#  > > >  >  > Форум >  > > >  >  > Образ жизни >  > > >  >  > Встречи >  > > >  >  >  Чай - Москва

## Ersh

Есть желание попить чайку в понедельник?
Присоединяйтесь.

----------


## Пема Чораб

В понедельник если с утра, то хорошо. Ещё лучше с 15.00 примерно до 17.00-17.30.

----------


## Ersh

Эрмитаж, я правильно понимаю?

----------


## Пема Чораб

Если есть желание получить 20% скидки, то да. А так - не принципиально.
У меня есть желание получить скидку, но это - не принципиально  :Wink:

----------


## Alex

Если до 17.30, то присоединяюсь.

----------


## Ersh

Да я тоже за Эрмитаж, так как: 1. Скидки. 2. Близко для большинства пьющих.
Будем рады видеть новых людей.

----------


## Банзай

Привет, Москва!
Есть что-то в вашем городишке, что заставляет думать и жить быстрее, иногде не грех встряхнуть кости да прогуляться "по Тверской, да без денег".

Оченно может случиться, что посещу ближе к 20-му числу.
Вот тады и попьем, стоит только получше выбрать место и компанию, оптимально - ставшая уже почти родной Дальма са.
Здесь тебе и чай, здесь тебе и дзафу.

Хочется собрать всех дзэнков, включая Кванумовцев, что бы такого вам привезти, а, дорогие?

----------


## Ersh

А что - одно другое исключает?

----------


## Банзай

Чай и дзафу?
Нисколько.
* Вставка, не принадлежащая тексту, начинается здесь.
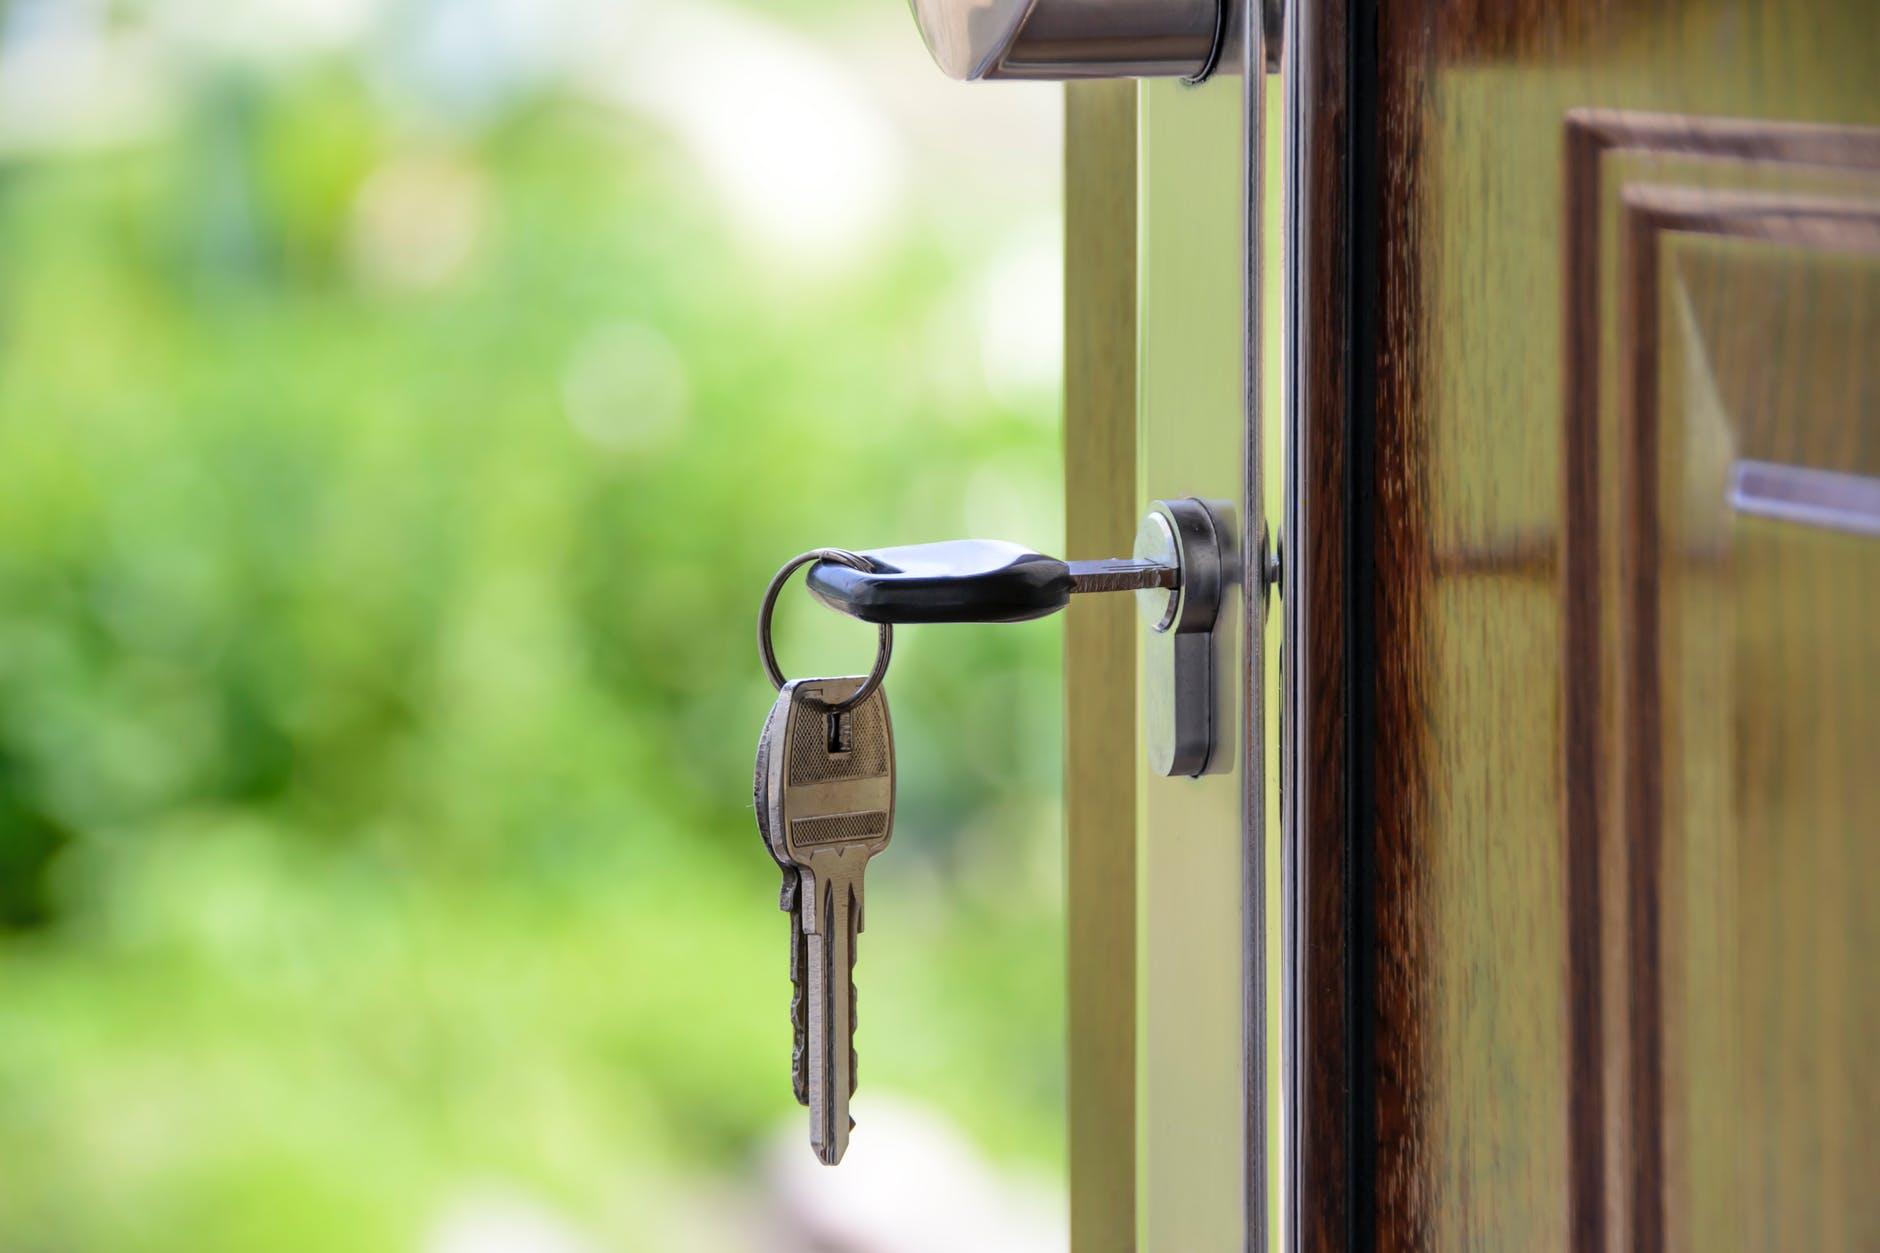 Venda de imóveis: imobiliária e seus benefícios
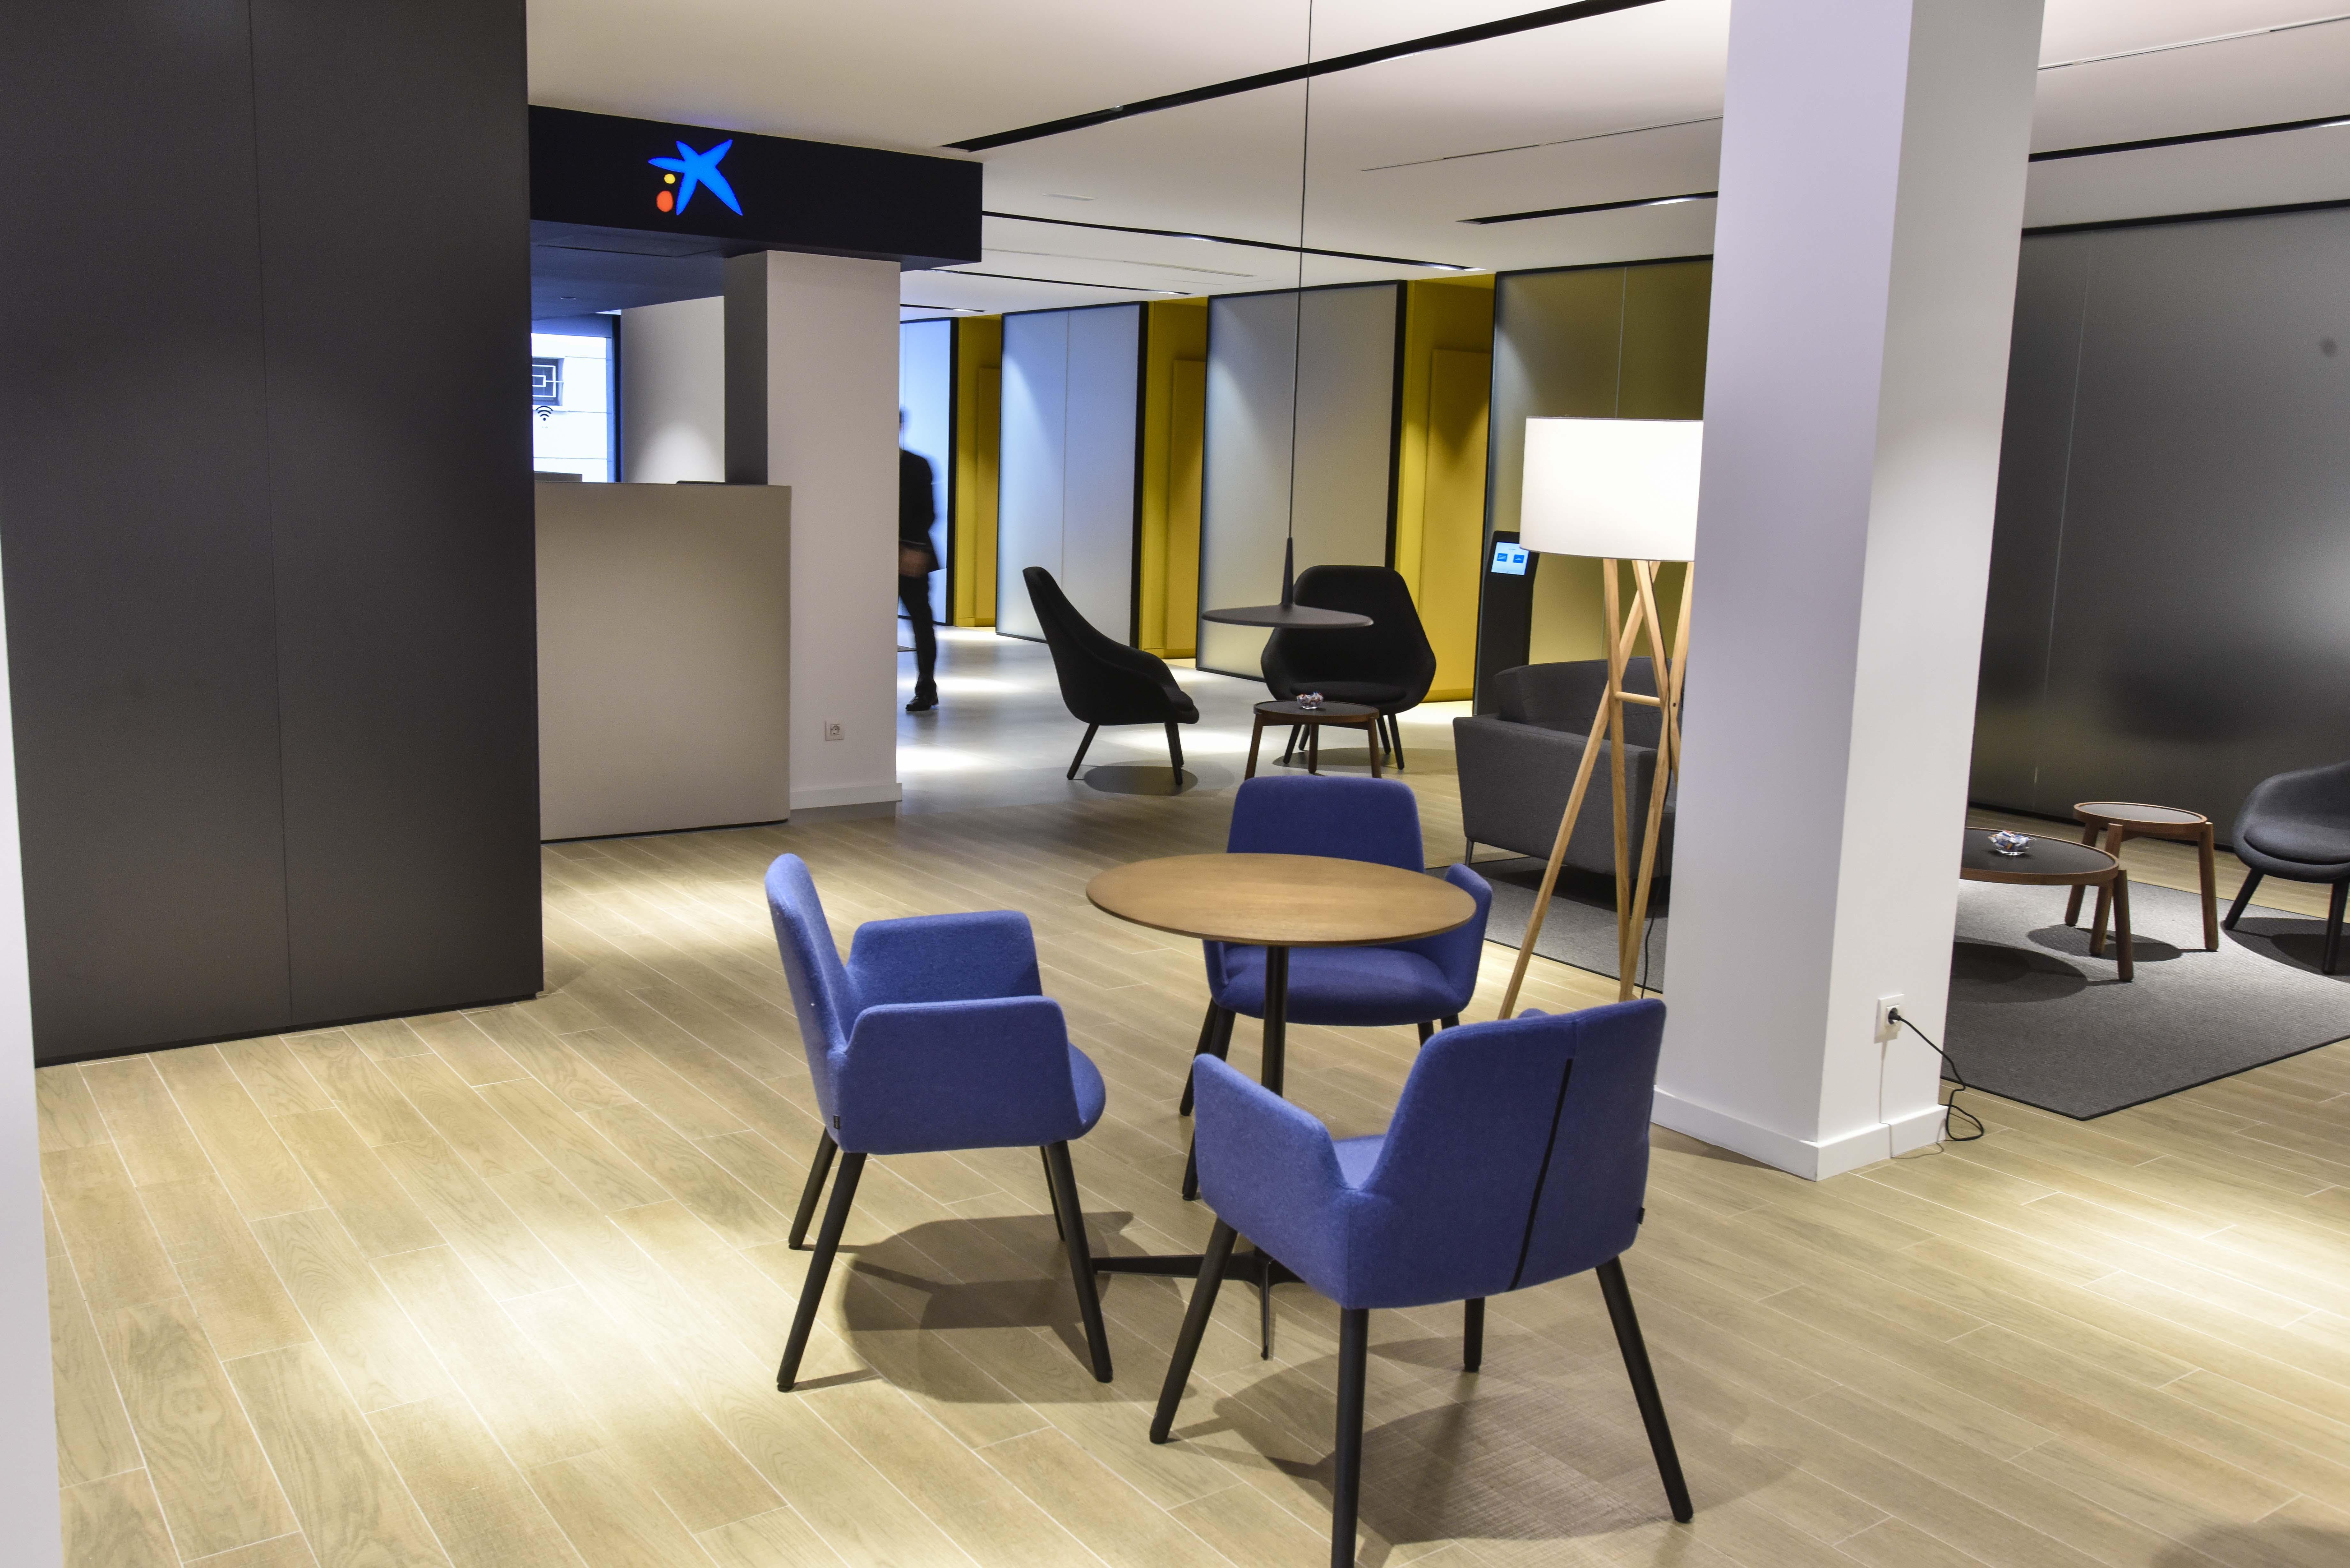 Caixabank Abrirá 200 Oficinas De Su Nuevo Modelo Store En

Но пойми, вы-то рядом сидите, друг друга видеть можете сколько заблагорассудится, а мне интересно всех повидать, чтобы по Москве не шарахаться.
Разве есть место более уютное в этом плане, чем Дальма са?
Если нас, конечно, пригласят -)

----------


## Ersh

Тоже мне нашел кафе свиданий...

----------


## Банзай

Ну на нет и суда нет ..

----------


## Борис

В понедельник в это время я скорее всего пас...

----------


## Ersh

Жалко, Борь. Давно не виделись.
Шаман написал, что заказал столик в большом зале справа.
Может быть, придут Авас и Улла.
Ожидаются Спокойный и Полина с мужем.
После чая - Шаман пойдет в Центр Ламы Цзонкапы на лекцию Геше Тинлея. Желающие могут присоединиться, если я его правильно понял.

----------


## Пема Чораб

Да, желающие могут присоединиться и к чаю, и на лекцию. 
Если я не ошибаюсь, то будет продолжено чтение комментария к Бодхичарья-аватаре Шантидэвы, вход свободный но платный. Для имущих 100 руб, для не особо имущих пенсионеров 50 руб. (Это за лекцию).
Чай может обойтись в среднем в 200 рублей с человека. Один раз, впрочем, пили и за 36 рублей с человека, но это по большому знакомству и не всегда прокатывает  :Wink:

----------


## Ersh

А пару раз выпадало по 108 рублей...

----------


## Банзай

А что - одно другое исключает?

Ерш, я тебя не понял сразу.
Про понедельник мимо, я просто хотел пригласить всех дзэнков не просто по чаю, дело есть.
Разговор то есть.

----------


## Ersh

Не вопрос. Сегодня был в Се, там тебе всегда рады.

----------